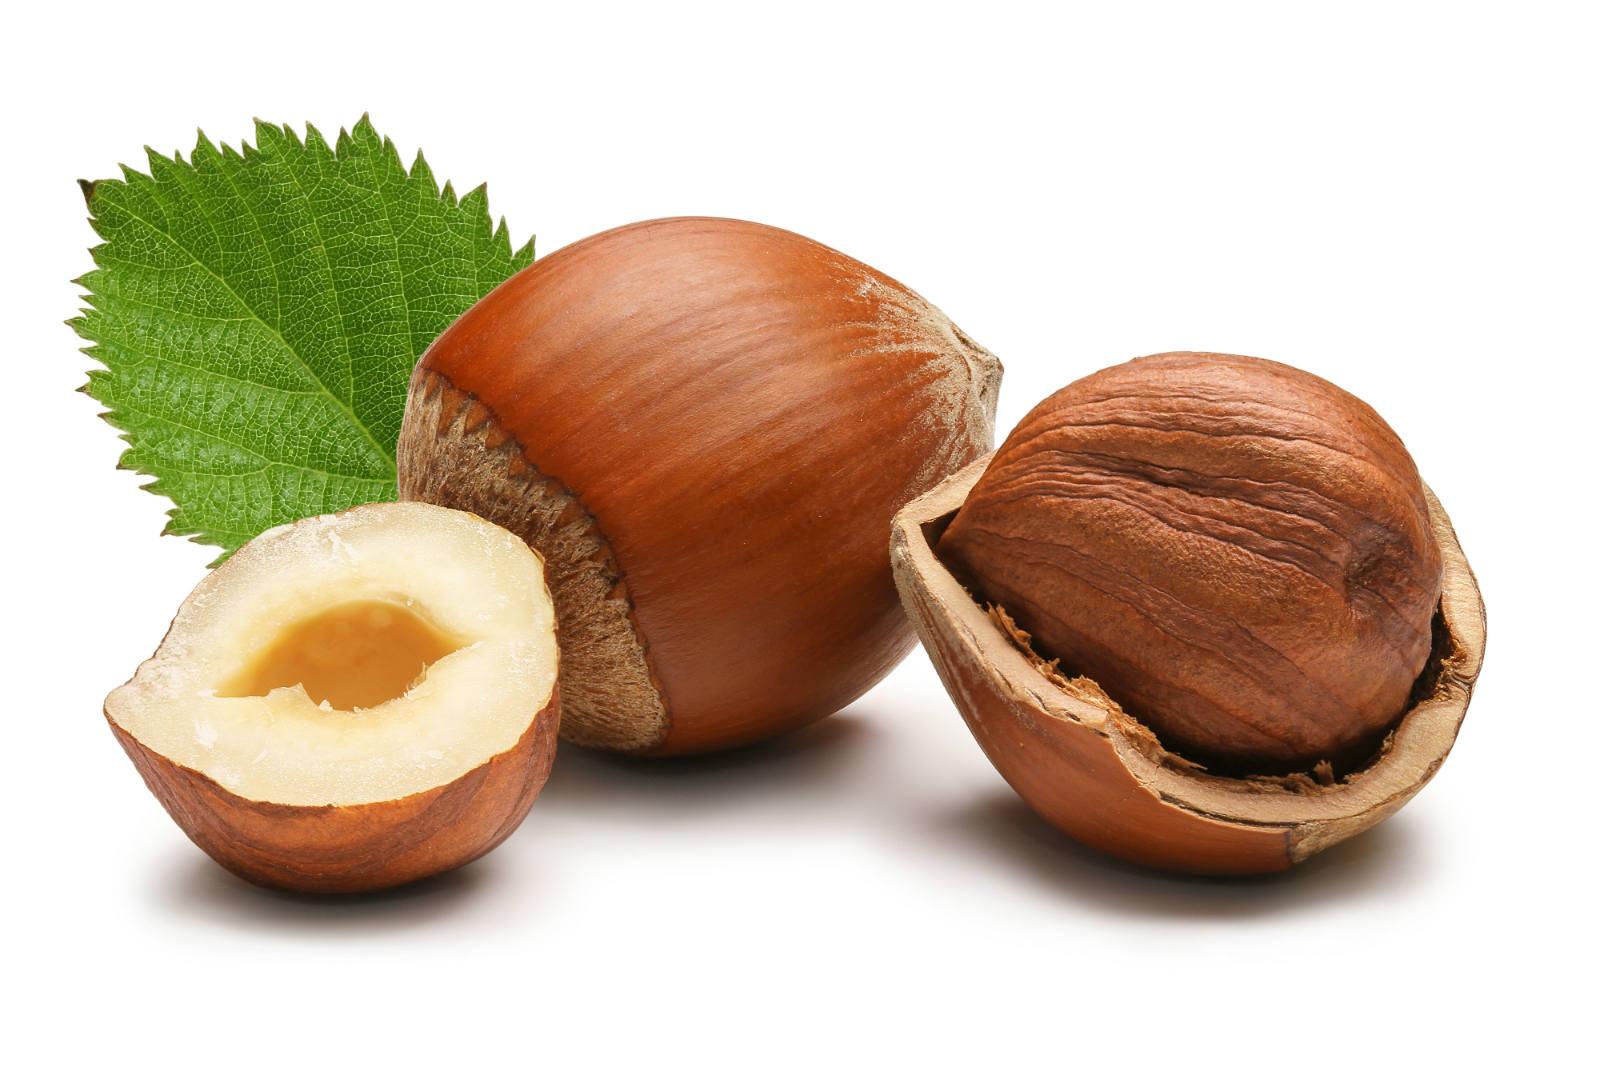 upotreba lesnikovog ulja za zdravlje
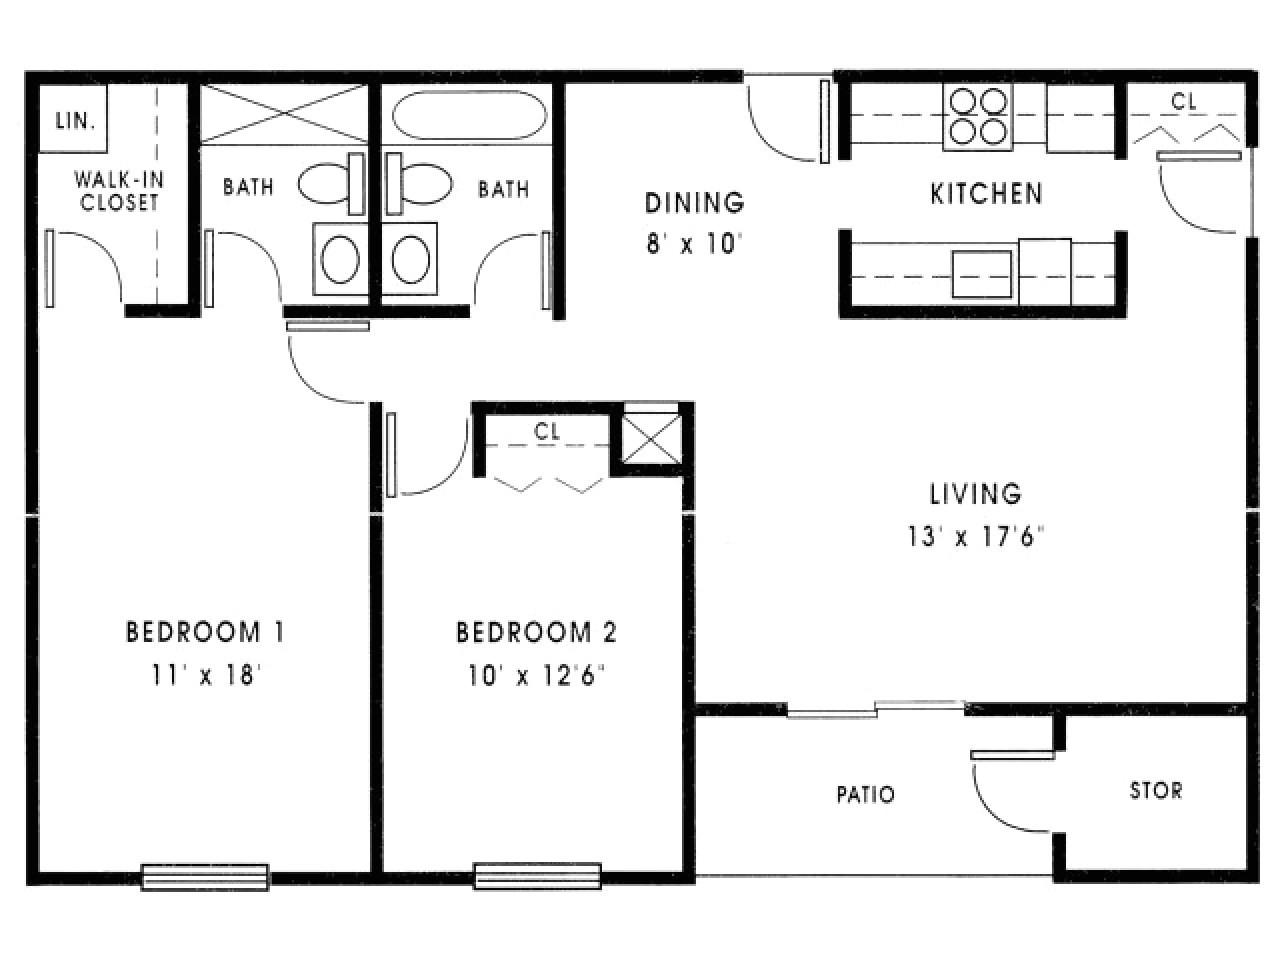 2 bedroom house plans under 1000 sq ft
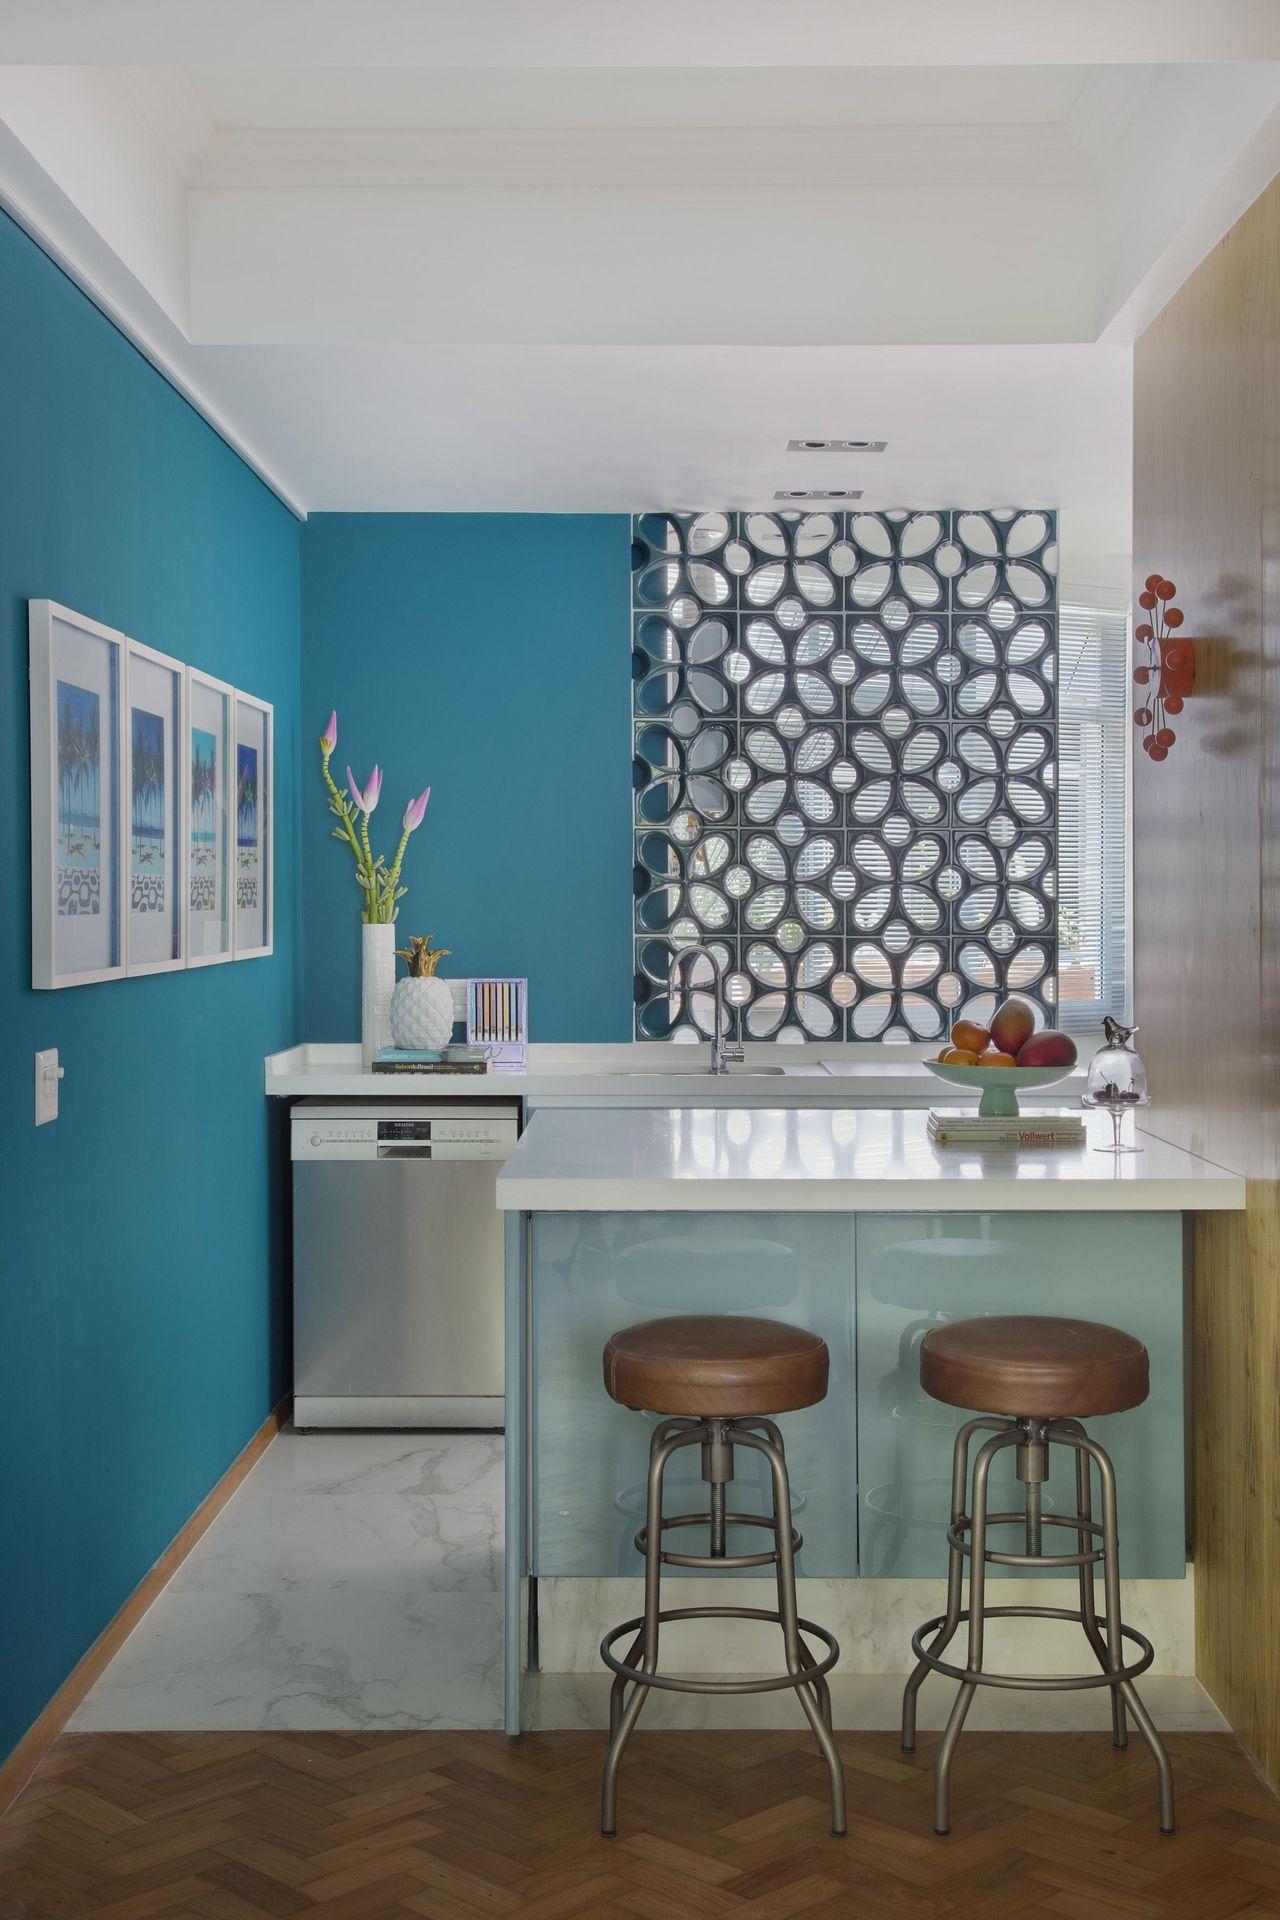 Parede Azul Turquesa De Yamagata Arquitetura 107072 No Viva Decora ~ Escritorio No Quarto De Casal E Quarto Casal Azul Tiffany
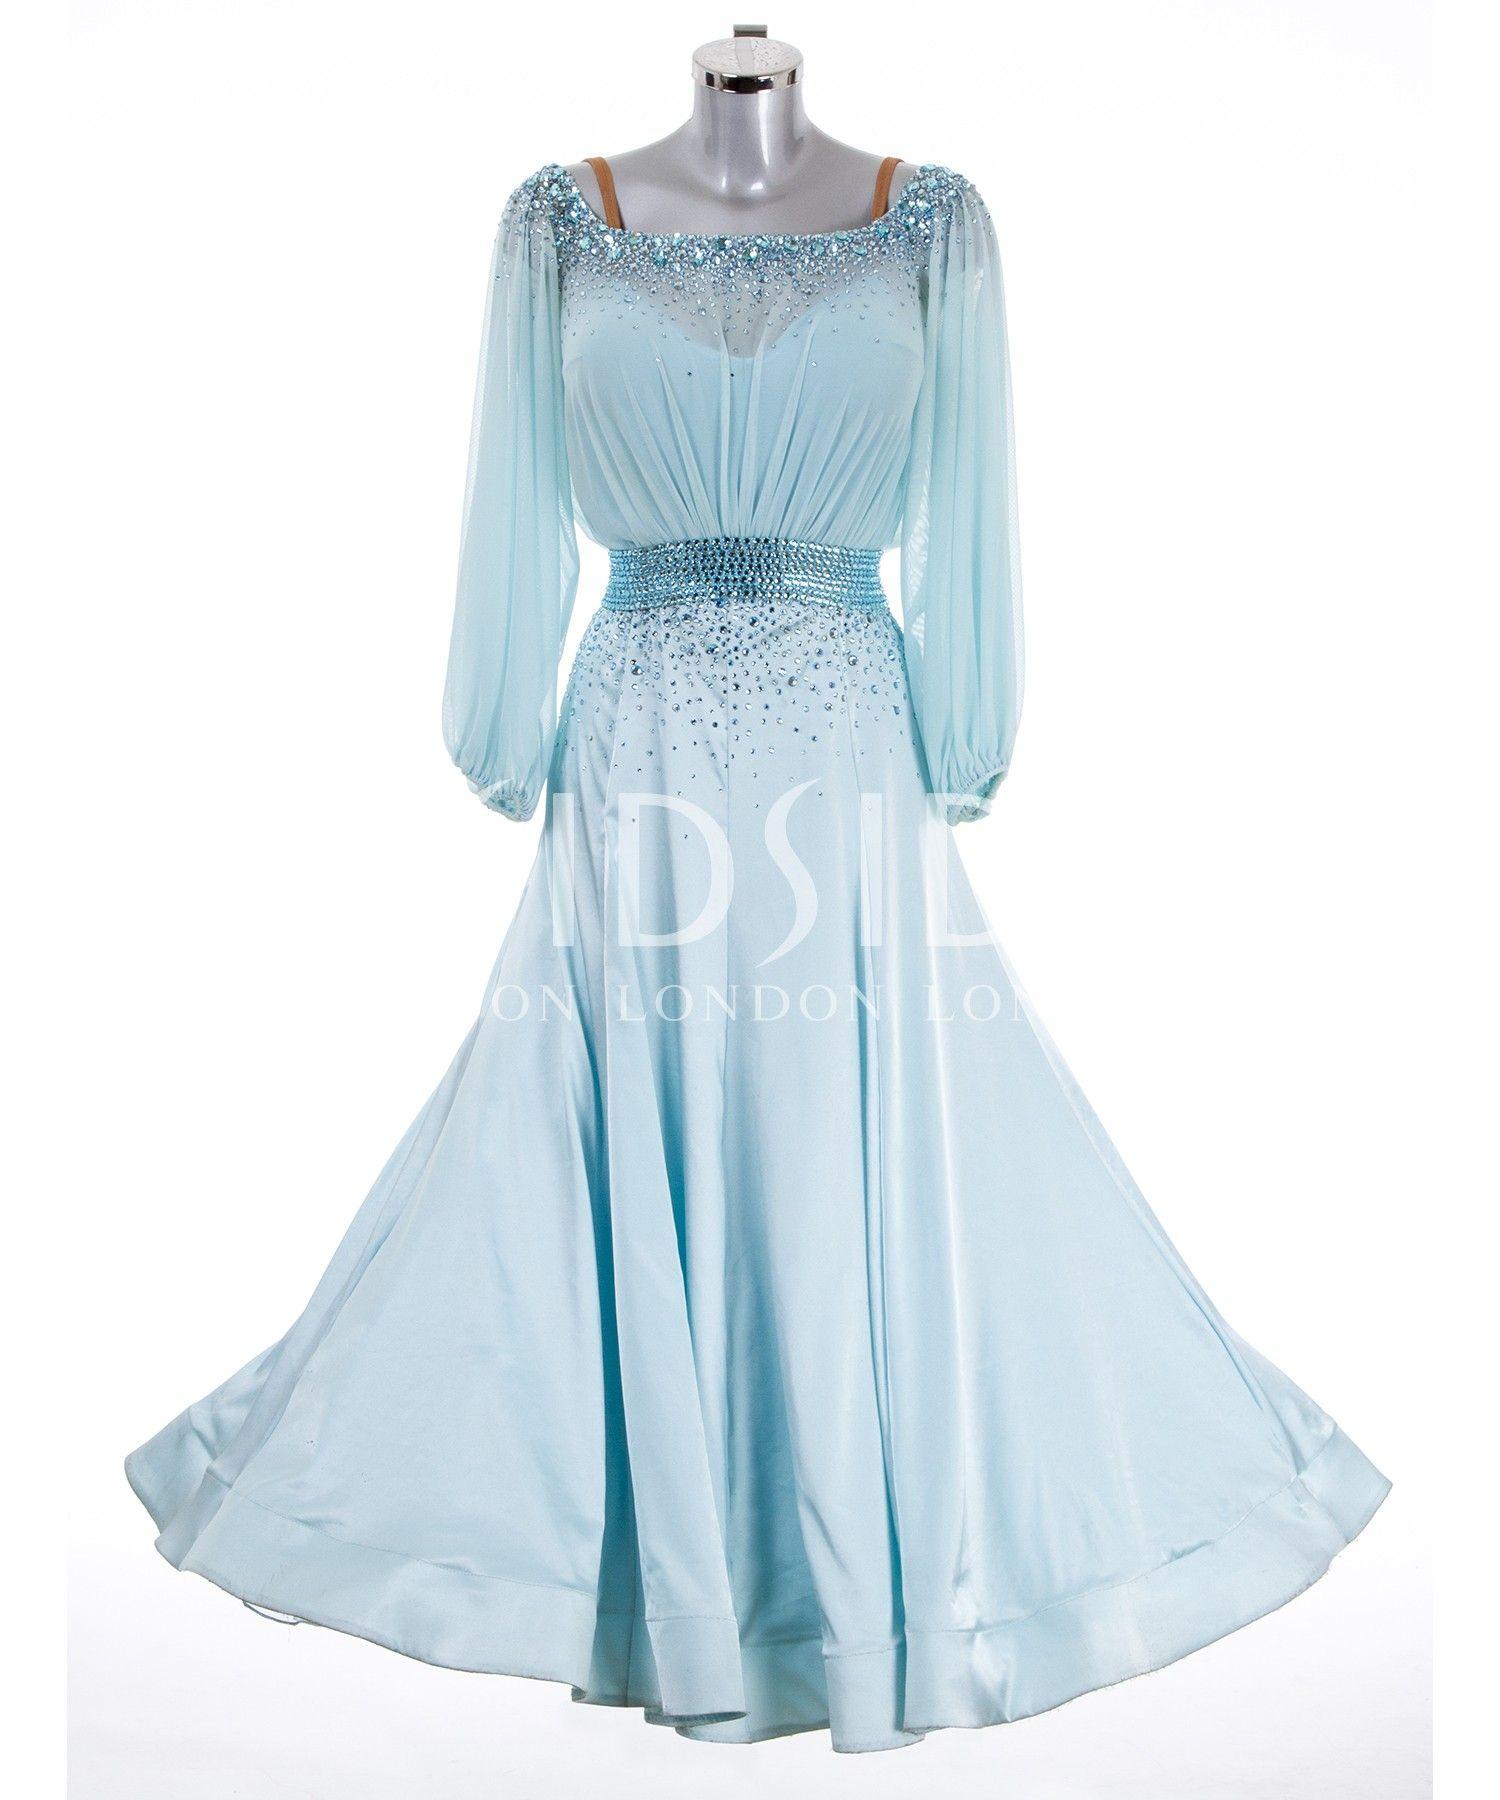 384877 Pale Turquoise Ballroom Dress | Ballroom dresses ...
------------------------
**Activity:** Set the pictures aside and transcribe the data above exactly.

**Reply to the task:**
 upotreba lesnikovog ulja za zdravlje
 2 bedroom house plans under 1000 sq ft
 Parede Azul Turquesa De Yamagata Arquitetura 107072 No Viva Decora ~ Escritorio No Quarto De Casal E Quarto Casal Azul Tiffany
 384877 Pale Turquoise Ballroom Dress | Ballroom dresses ...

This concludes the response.